DATASET EXTRACT.
>>>>>
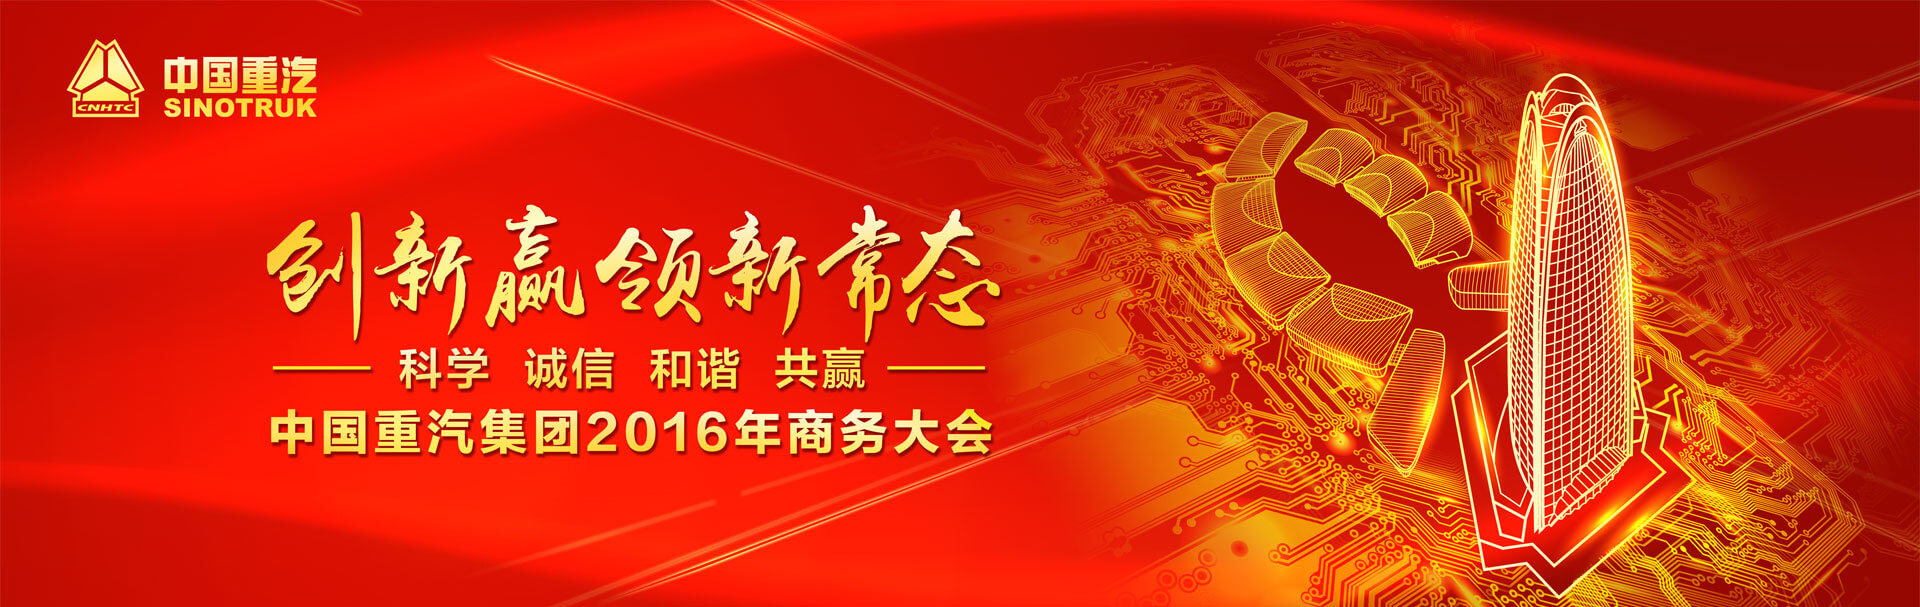 中国重汽集团2016年商务大会
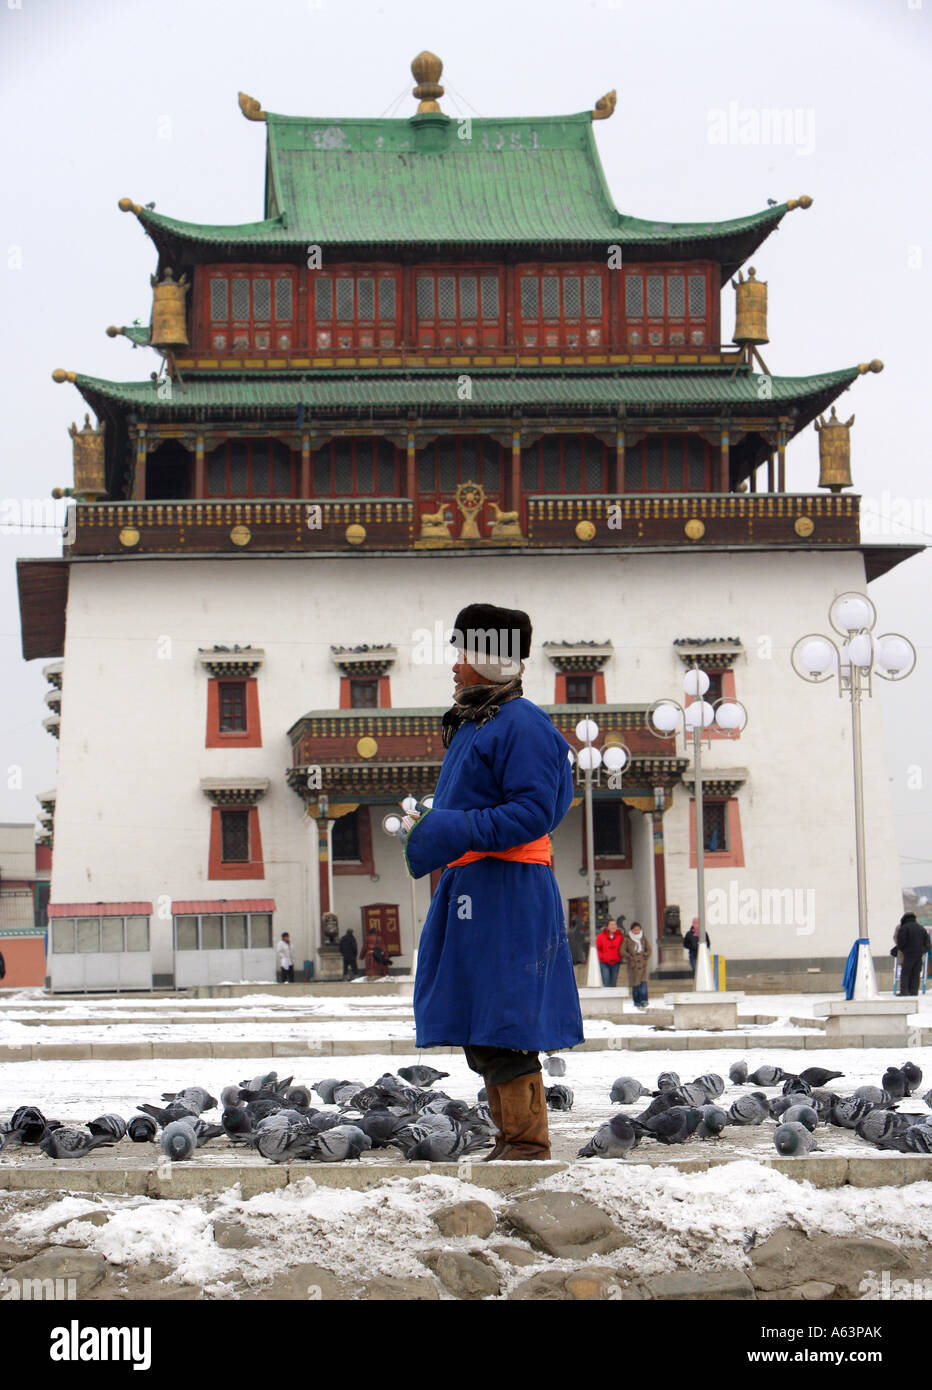 Mongolie - Gandan monastère bouddhiste à Ulaan Bataar Banque D'Images
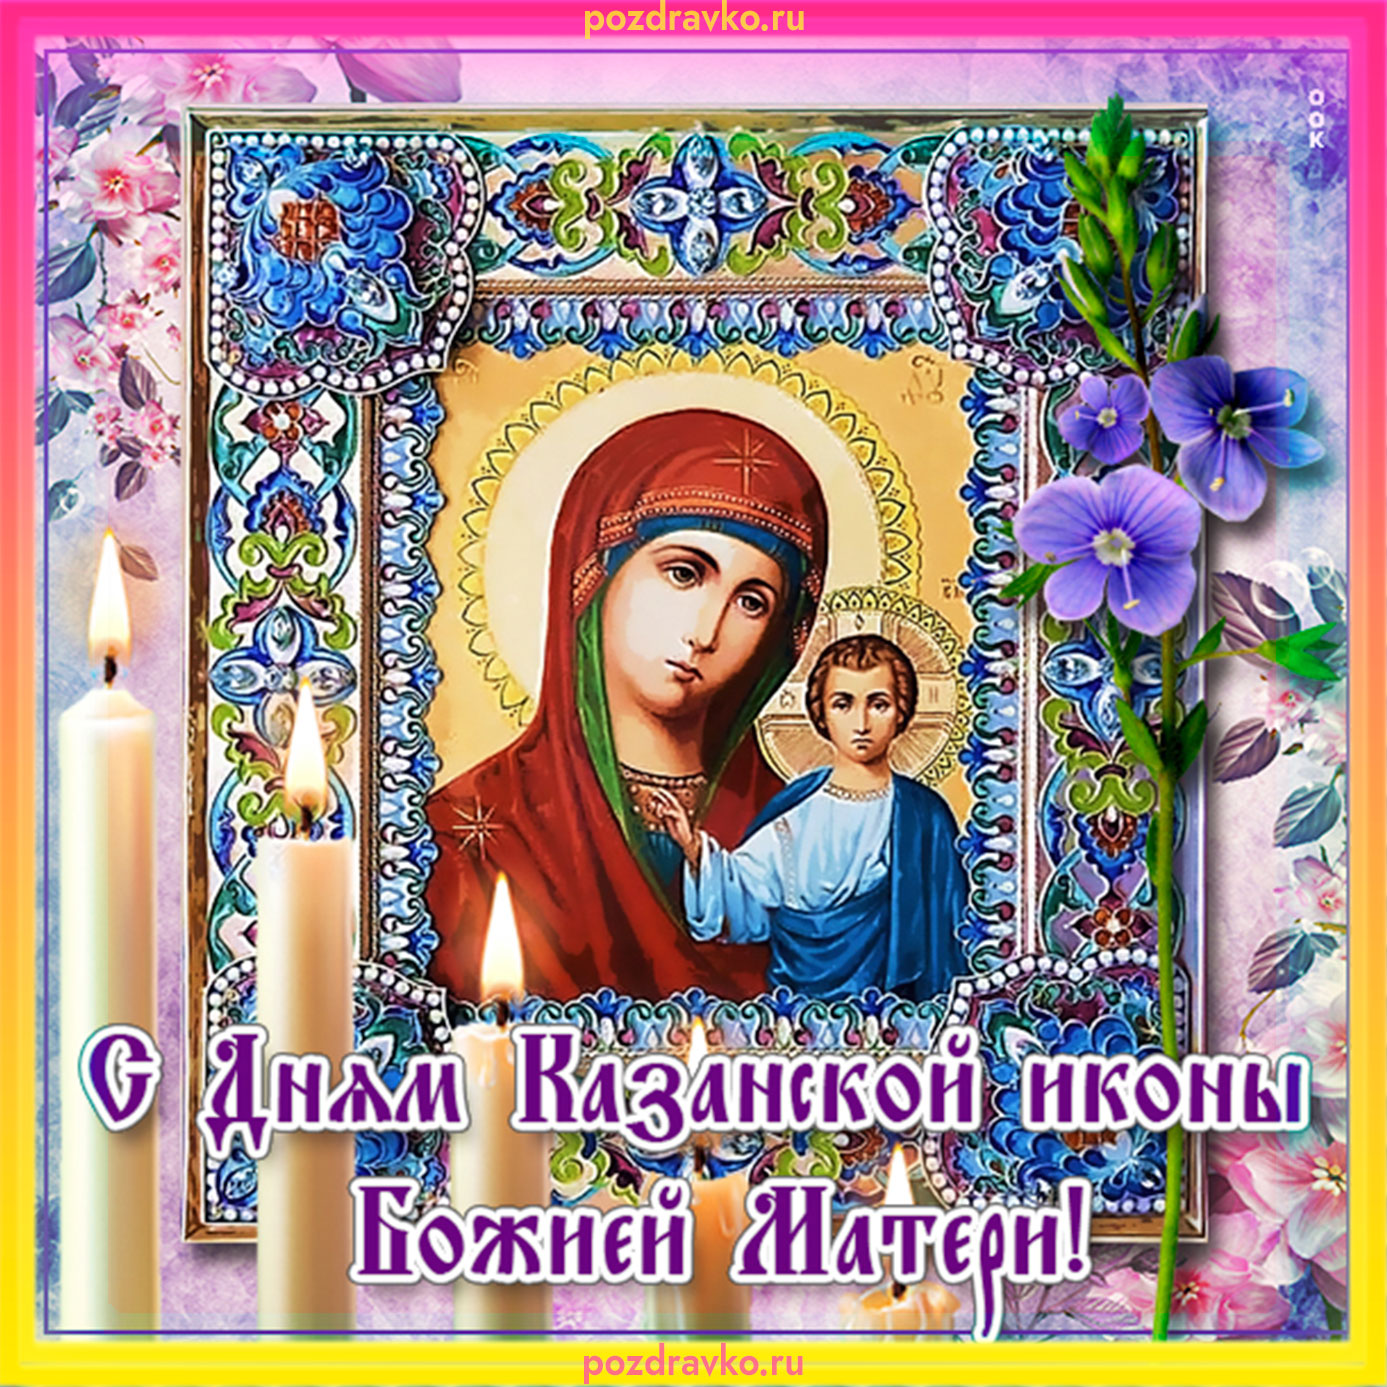 Красивые открытки с Днем Казанской иконы Божьей Матери (50 картинок)
<<<<<
WORK ITEM. Copy out exactly, without any pictures, the lines above that begin at the one with "Mongolie - Gandan" and end at the last line of the listing.

TASK OUTPUT.
 Mongolie - Gandan monastère bouddhiste à Ulaan Bataar Banque D'Images
 Красивые открытки с Днем Казанской иконы Божьей Матери (50 картинок)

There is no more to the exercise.